Suiza acogió veinte niños procedentes de la Franja de Gaza como parte de una iniciativa humanitaria. La decisión ha sido celebrada por los medios y por organismos internacionales como un gesto de humanidad en tiempos de guerra. Pero más allá del impacto emocional de la noticia, surgen preguntas que merecen un análisis más profundo ¿hasta qué punto este tipo de medidas son sostenibles? y ¿por qué siempre recae sobre Europa la carga moral y práctica de resolver tragedias ajenas?

Un gesto simbólico, no una solución
Nadie discute el valor humanitario de proteger a menores víctimas del conflicto. Sin embargo, el traslado de unos pocos casos – por muy simbólicos que sean- no aborda el problema de fondo. Europa se enfrenta a una contradicción, intenta equilibrar la compasión con la estabilidad social, y muchas veces lo hace sin exigir responsabilidad a los propios refugiados y a los actores regionales que deberían involucrarse.
La ausencia de los países árabes
La pregunta incómoda es inevitable, ¿por qué los países árabes más prósperos no lideran la acogida de personas palestinas desplazadas? Estados como Arabia Saudita, Catar o los Emiratos Árabes Unidos tienen afinidades religiosas, lingüísticas y culturales con los refugiados, además de recursos suficientes para ofrecerles una integración menos traumática.
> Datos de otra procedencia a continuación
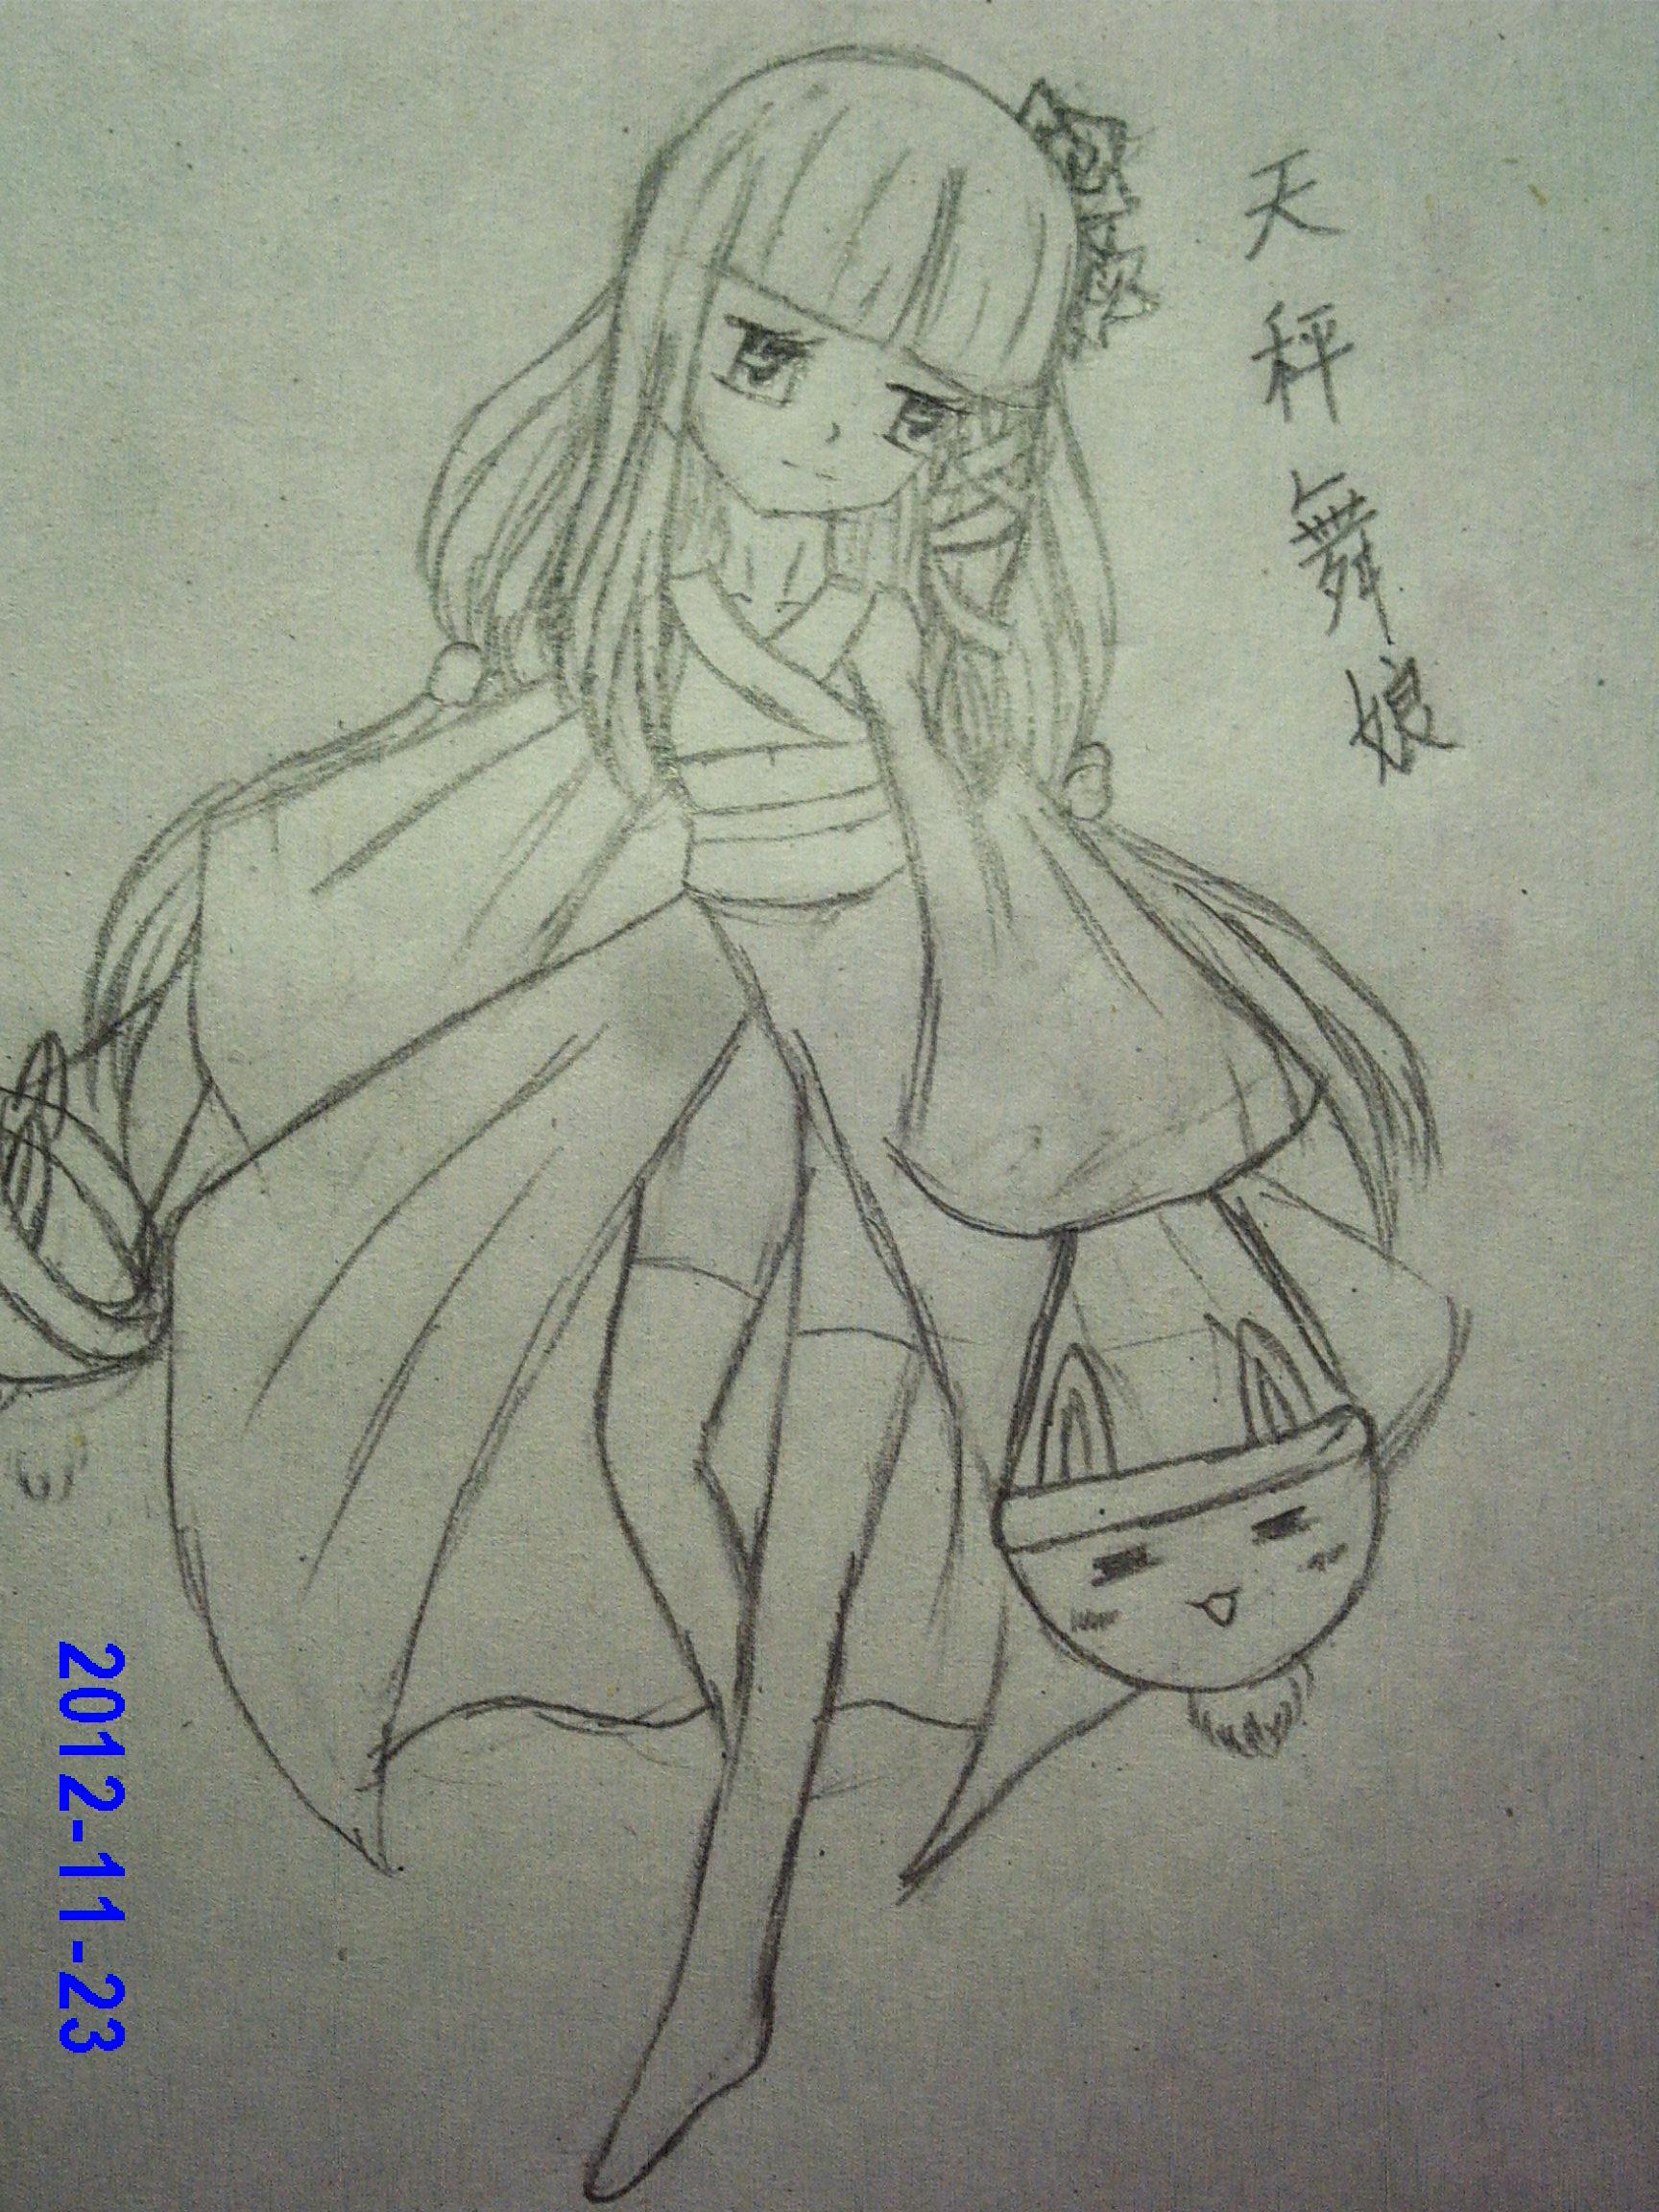 【手绘】天秤舞娘拟人(←←她已经是人形了)

Sin embargo, han preferido mantenerse en el plano del discurso político o de la ayuda económica a distancia, dejando a Europa el papel de receptora directa.
Esta disparidad genera un desequilibrio evidente. Occidente asume el costo político, social y económico de la migración, mientras el mundo árabe, con mayor cercanía geográfica y cultural, se desentiende de la parte más compleja del problema.
La carga de la responsabilidad moral
Se ha instalado la idea de que Europa tiene una obligación moral permanente de abrir sus puertas, como si la ayuda humanitaria equivaliera a una transferencia de población. Pero la responsabilidad no se mide solo en gestos solidarios; también implica exigir a los países árabes de la región que asuman su parte. No hacerlo perpetúa la dependencia, refuerza la narrativa de victimización y, sobre todo, desvía la atención de las soluciones reales: estabilidad política, desarrollo local y seguridad regional.

Una lección pendiente
Suiza, país conocido por su neutralidad y prudencia, ha actuado movida por principios nobles. Pero el ejemplo suizo también refleja un patrón más amplio, Europa sigue reaccionando emocionalmente ante crisis en lugar de abordarlas con una estrategia de largo plazo. El problema no es la ayuda humanitaria en sí, sino la falta de equilibrio entre la compasión y la responsabilidad.
La pregunta final es tan sencilla como urgente; cuando las consecuencias sociales, culturales y económicas de estas decisiones comiencen a sentirse ¿quién acudirá en ayuda de Europa? La solidaridad es un valor, sí , pero solo cuando se ejerce con sensatez y sentido de corresponsabilidad.